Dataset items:
....
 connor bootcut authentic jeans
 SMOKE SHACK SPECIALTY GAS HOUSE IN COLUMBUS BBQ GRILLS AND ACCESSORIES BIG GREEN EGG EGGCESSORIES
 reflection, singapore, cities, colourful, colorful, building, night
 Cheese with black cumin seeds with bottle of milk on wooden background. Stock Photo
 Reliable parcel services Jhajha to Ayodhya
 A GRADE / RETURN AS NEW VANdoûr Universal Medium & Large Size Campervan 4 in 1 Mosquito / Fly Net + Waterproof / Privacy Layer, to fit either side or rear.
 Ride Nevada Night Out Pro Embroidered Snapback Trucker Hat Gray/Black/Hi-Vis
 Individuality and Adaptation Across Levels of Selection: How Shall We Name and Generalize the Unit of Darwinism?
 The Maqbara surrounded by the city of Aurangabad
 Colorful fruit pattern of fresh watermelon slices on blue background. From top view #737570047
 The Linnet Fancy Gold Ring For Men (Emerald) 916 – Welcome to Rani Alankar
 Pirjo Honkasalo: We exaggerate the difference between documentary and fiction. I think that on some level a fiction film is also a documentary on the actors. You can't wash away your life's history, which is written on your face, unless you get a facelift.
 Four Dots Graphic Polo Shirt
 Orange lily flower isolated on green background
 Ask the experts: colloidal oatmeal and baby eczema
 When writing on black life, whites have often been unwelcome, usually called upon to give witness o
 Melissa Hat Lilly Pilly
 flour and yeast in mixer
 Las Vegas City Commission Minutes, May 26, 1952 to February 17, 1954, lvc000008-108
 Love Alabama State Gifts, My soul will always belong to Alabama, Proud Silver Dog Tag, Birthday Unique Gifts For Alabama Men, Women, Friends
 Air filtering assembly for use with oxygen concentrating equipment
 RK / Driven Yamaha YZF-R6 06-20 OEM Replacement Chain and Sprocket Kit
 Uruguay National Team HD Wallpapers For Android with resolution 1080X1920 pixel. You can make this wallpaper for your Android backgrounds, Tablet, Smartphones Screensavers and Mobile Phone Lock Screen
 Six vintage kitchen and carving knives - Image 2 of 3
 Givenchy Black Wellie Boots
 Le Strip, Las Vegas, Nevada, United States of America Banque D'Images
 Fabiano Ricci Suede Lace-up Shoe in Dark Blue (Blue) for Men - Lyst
....
### Directions
Give back exactly the lines from the beginning of the records through the line containing "Le Strip, Las", and only those.

### Output for this task
 connor bootcut authentic jeans
 SMOKE SHACK SPECIALTY GAS HOUSE IN COLUMBUS BBQ GRILLS AND ACCESSORIES BIG GREEN EGG EGGCESSORIES
 reflection, singapore, cities, colourful, colorful, building, night
 Cheese with black cumin seeds with bottle of milk on wooden background. Stock Photo
 Reliable parcel services Jhajha to Ayodhya
 A GRADE / RETURN AS NEW VANdoûr Universal Medium & Large Size Campervan 4 in 1 Mosquito / Fly Net + Waterproof / Privacy Layer, to fit either side or rear.
 Ride Nevada Night Out Pro Embroidered Snapback Trucker Hat Gray/Black/Hi-Vis
 Individuality and Adaptation Across Levels of Selection: How Shall We Name and Generalize the Unit of Darwinism?
 The Maqbara surrounded by the city of Aurangabad
 Colorful fruit pattern of fresh watermelon slices on blue background. From top view #737570047
 The Linnet Fancy Gold Ring For Men (Emerald) 916 – Welcome to Rani Alankar
 Pirjo Honkasalo: We exaggerate the difference between documentary and fiction. I think that on some level a fiction film is also a documentary on the actors. You can't wash away your life's history, which is written on your face, unless you get a facelift.
 Four Dots Graphic Polo Shirt
 Orange lily flower isolated on green background
 Ask the experts: colloidal oatmeal and baby eczema
 When writing on black life, whites have often been unwelcome, usually called upon to give witness o
 Melissa Hat Lilly Pilly
 flour and yeast in mixer
 Las Vegas City Commission Minutes, May 26, 1952 to February 17, 1954, lvc000008-108
 Love Alabama State Gifts, My soul will always belong to Alabama, Proud Silver Dog Tag, Birthday Unique Gifts For Alabama Men, Women, Friends
 Air filtering assembly for use with oxygen concentrating equipment
 RK / Driven Yamaha YZF-R6 06-20 OEM Replacement Chain and Sprocket Kit
 Uruguay National Team HD Wallpapers For Android with resolution 1080X1920 pixel. You can make this wallpaper for your Android backgrounds, Tablet, Smartphones Screensavers and Mobile Phone Lock Screen
 Six vintage kitchen and carving knives - Image 2 of 3
 Givenchy Black Wellie Boots
 Le Strip, Las Vegas, Nevada, United States of America Banque D'Images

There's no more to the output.